Craneware (CRW.L), a healthcare financial performance solutions leader, initially saw its shares open higher today following the release of its FY26 interim results, but the stock has since reversed course, currently trading down approximately 1.9%.
The dip comes despite the company reporting double-digit growth in adjusted EBITDA and EPS, along with a confident outlook fueled by accelerated innovation.
The company announced revenue of $105.7 million for the first half of FY26, a 6% increase compared to $100.0 million in H1 FY25. Adjusted EBITDA rose by 10% to $33.4 million, up from $30.3 million, while adjusted profit before tax climbed 14% to $23.5 million. Adjusted basic EPS also saw a healthy increase of 16%, reaching 58.7 cents compared to 50.6 cents in the prior year.
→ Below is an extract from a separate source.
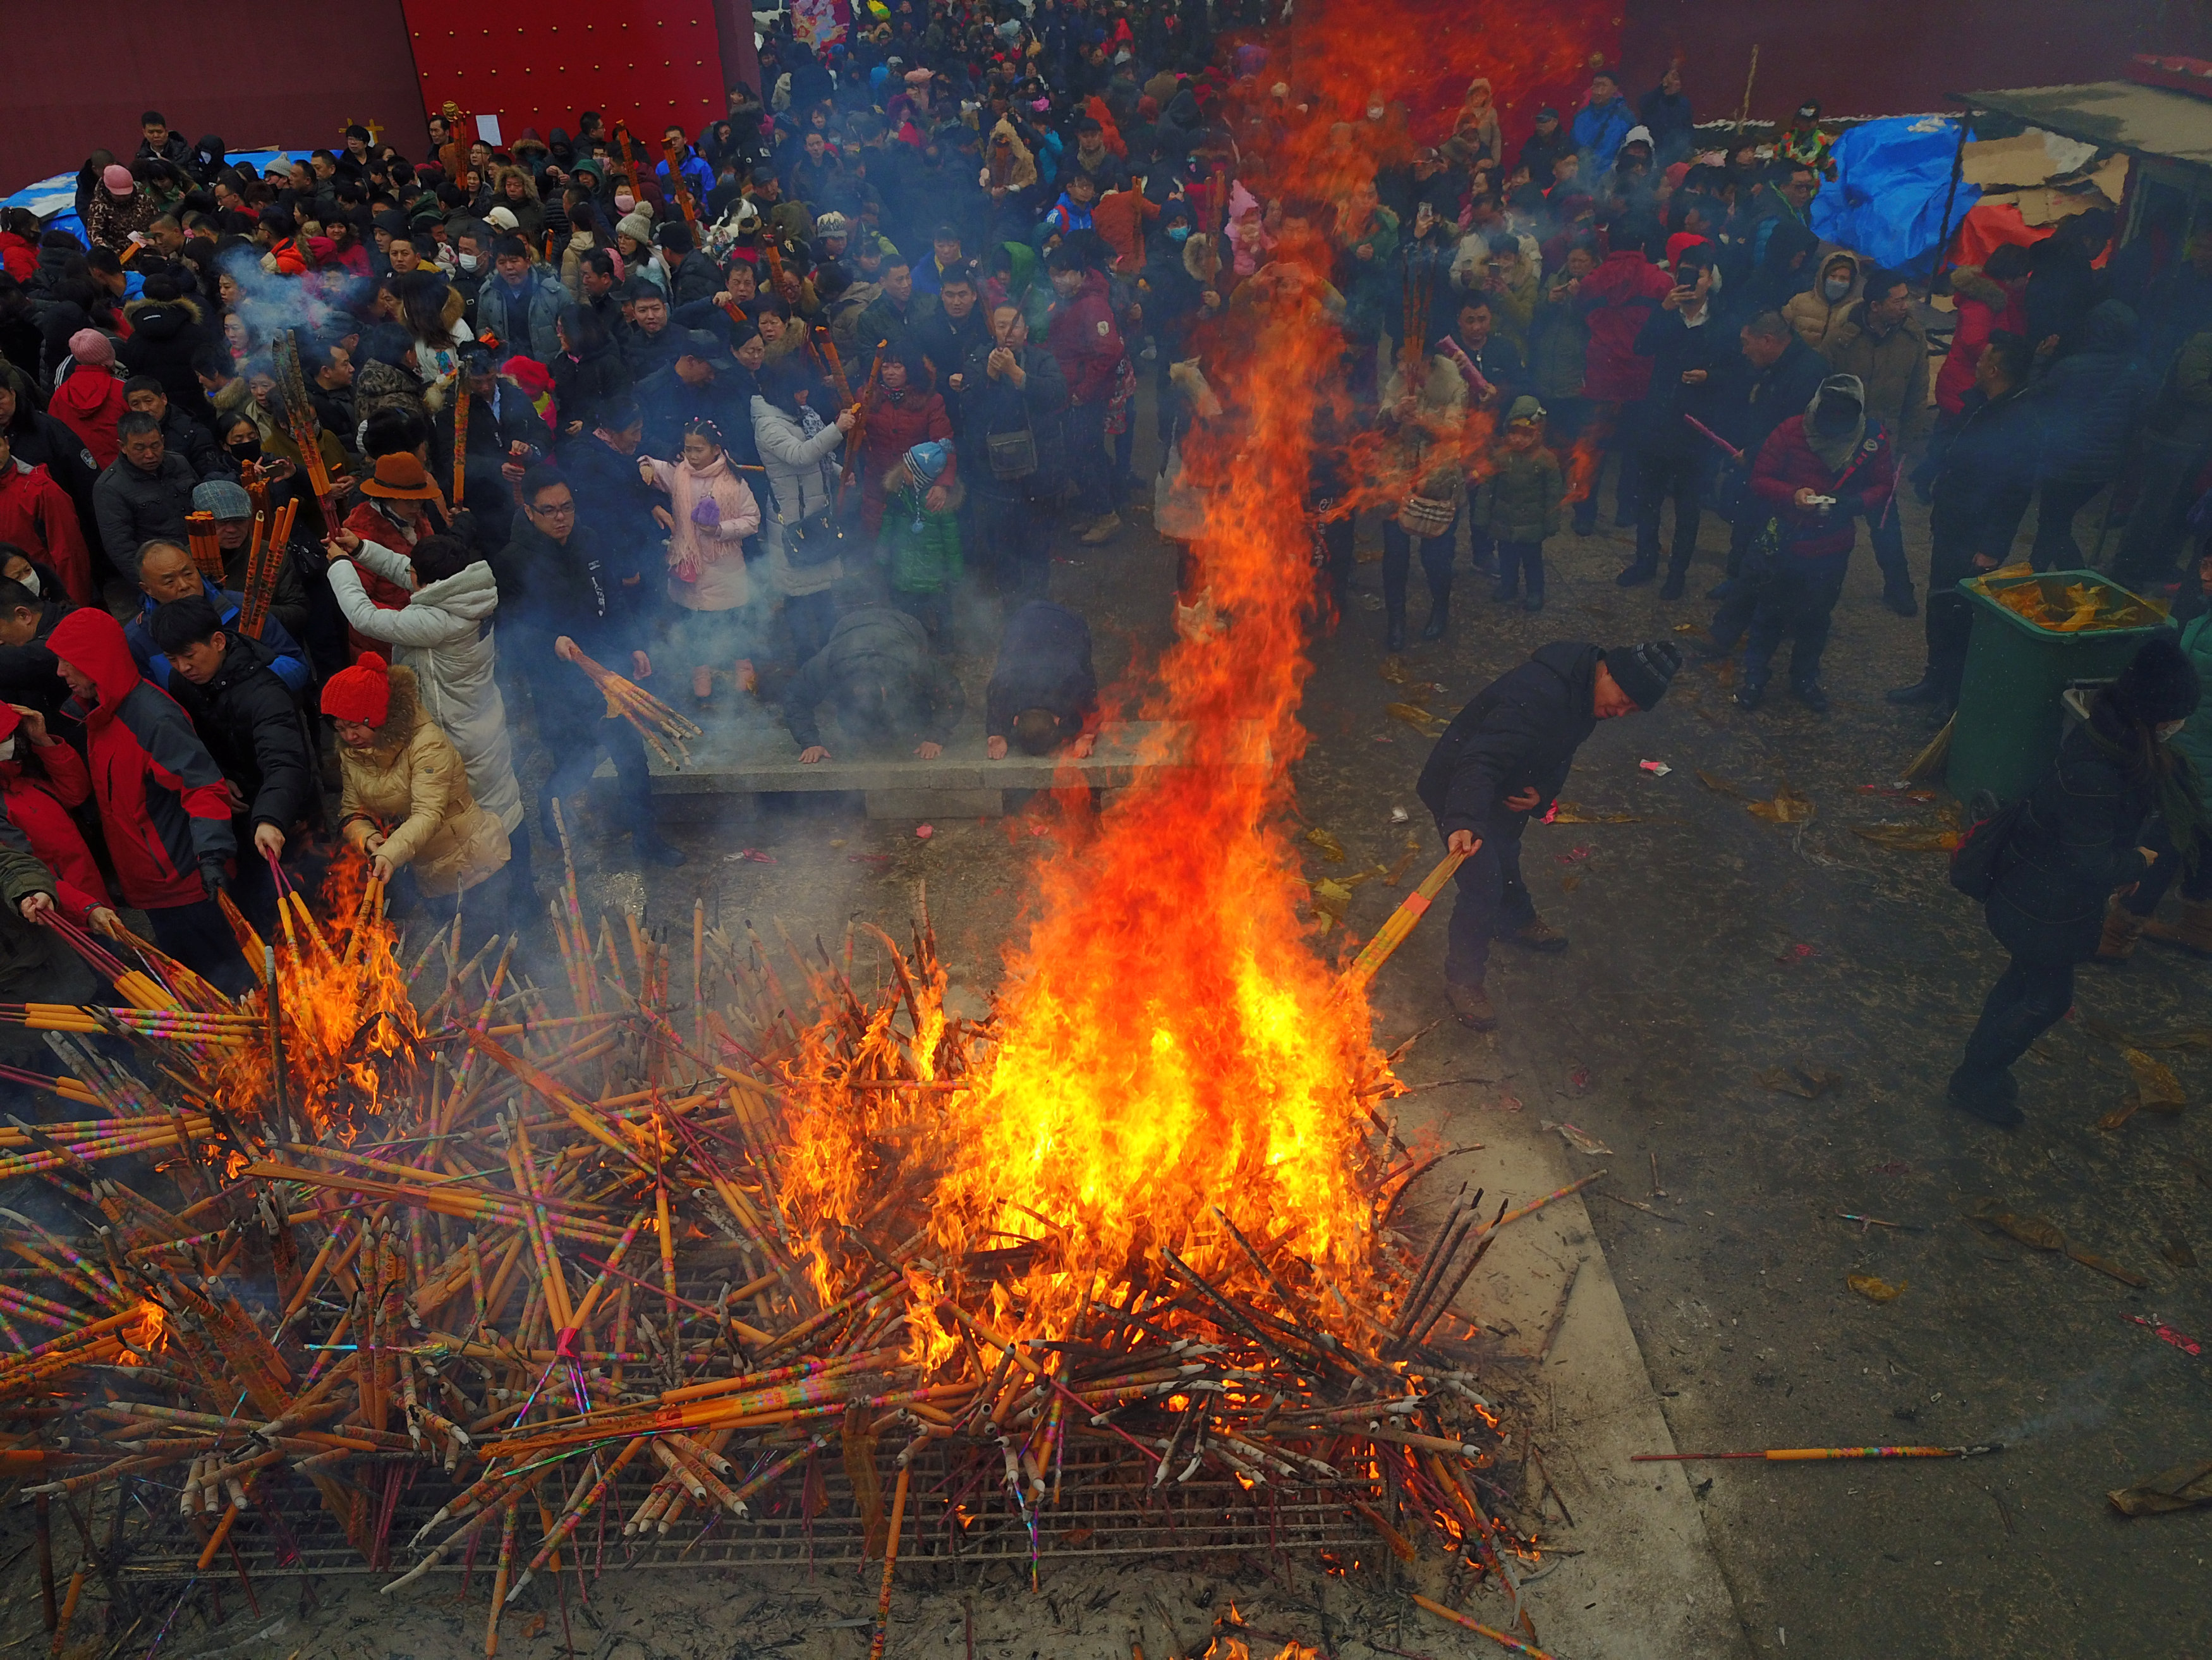 مواطنون يشعلون كميات كبيرة من البخور فى شوارع الصين احتفالًا بالسنة القمرية الجديدة
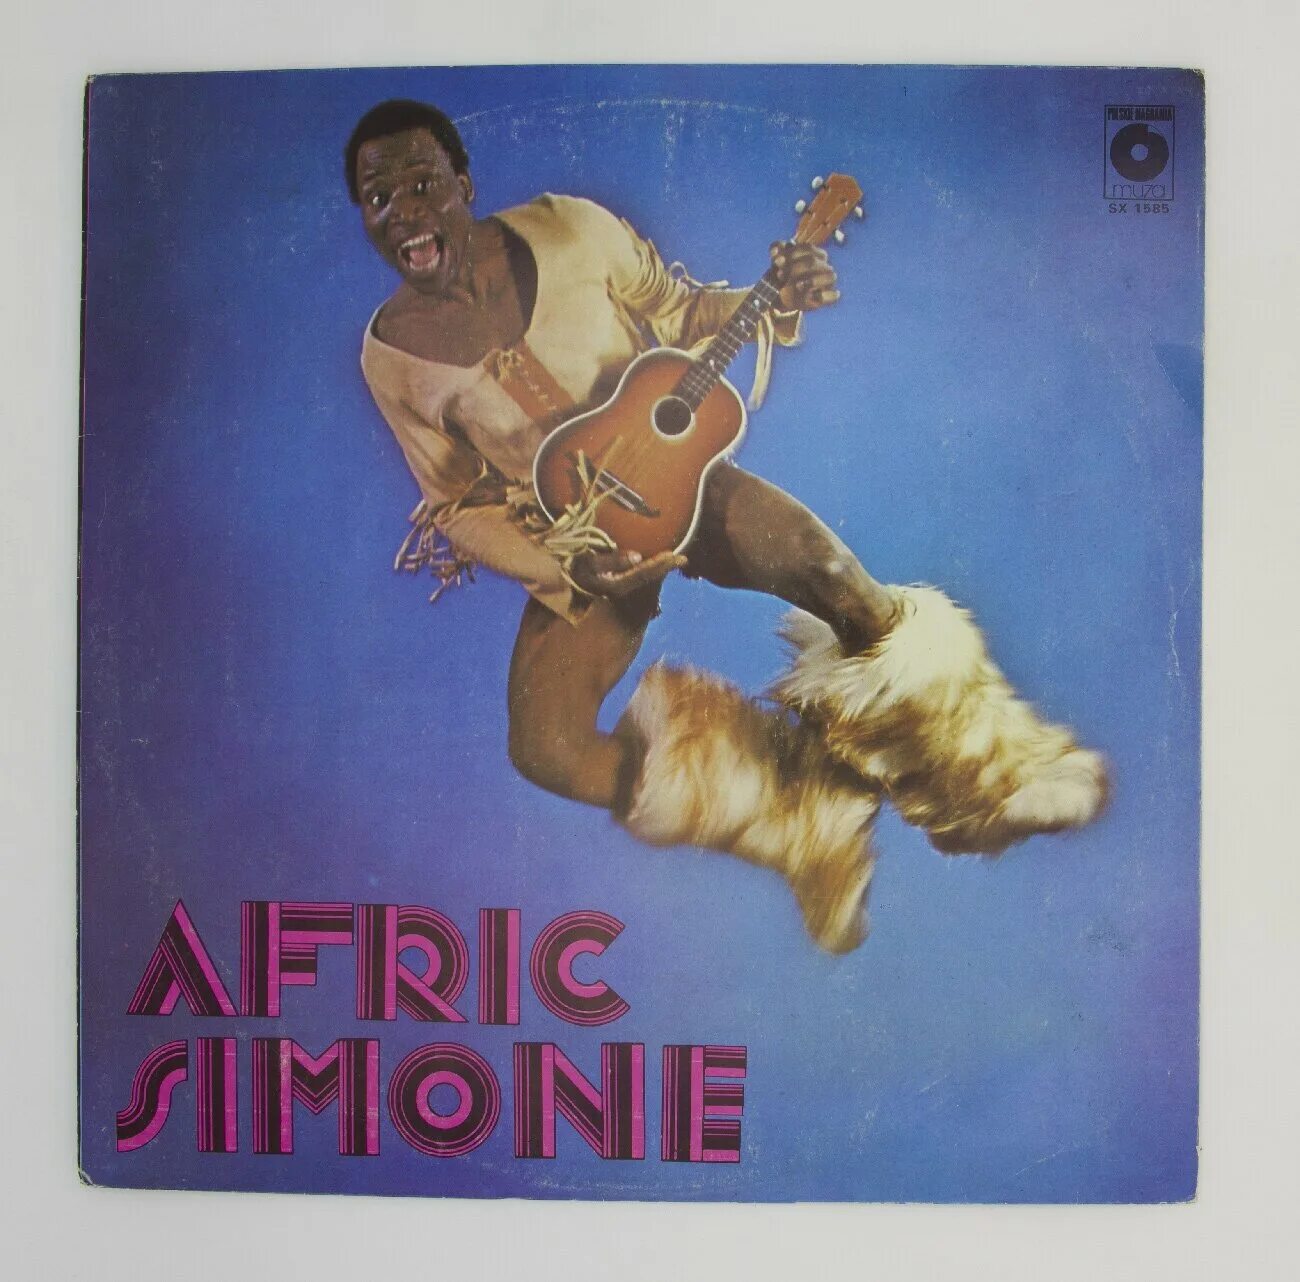 Африк Симон пластинка 1980. Afric Simone. Африк Симон винил. Африк Симон диск винил. Симон не вините бога

Craneware's Annual Recurring Revenue (ARR) reached $184.2 million, a 4% increase year-over-year. The company's balance sheet remains strong, with total cash and cash equivalents at $71.2 million, and total bank debt significantly reduced by 26% to $23.4 million. An interim dividend of 15.0 pence per share was declared, an 11% increase from the previous year.
Key Drivers of Craneware's Performance:
- New Customer Acquisition: Sales to new customers increased significantly, representing 12% of total sales in H1 FY26, compared to just 2% in the prior year. This reflects a higher competitive “take-out” rate and provides future expansion opportunities.
- Cross-Selling Success: Craneware continues to expand within existing hospital systems, evidenced by a healthy Net Revenue Retention (NRR) rate of 103% on a 12-month rolling basis.
- Innovation through AI: Investments in data and a partnership with Microsoft are driving accelerated innovation, with new Trisus® functionality set to launch in the second half of the year.
The company's strong cash position and reduced debt have enabled the board to announce a share buyback program of $25 million, further details of which will be released in due course. This move signals confidence in Craneware's financial health and future prospects, but the markets may be indicating that the buyback needs to be executed.
CEO Keith Neilson commented, “High levels of expansion sales, healthy NRR and an increasing 340B Shelter opportunity underpin our confidence in a positive second half performance… These unique strengths underpin future revenue growth acceleration and sustainable, long-term value generation.”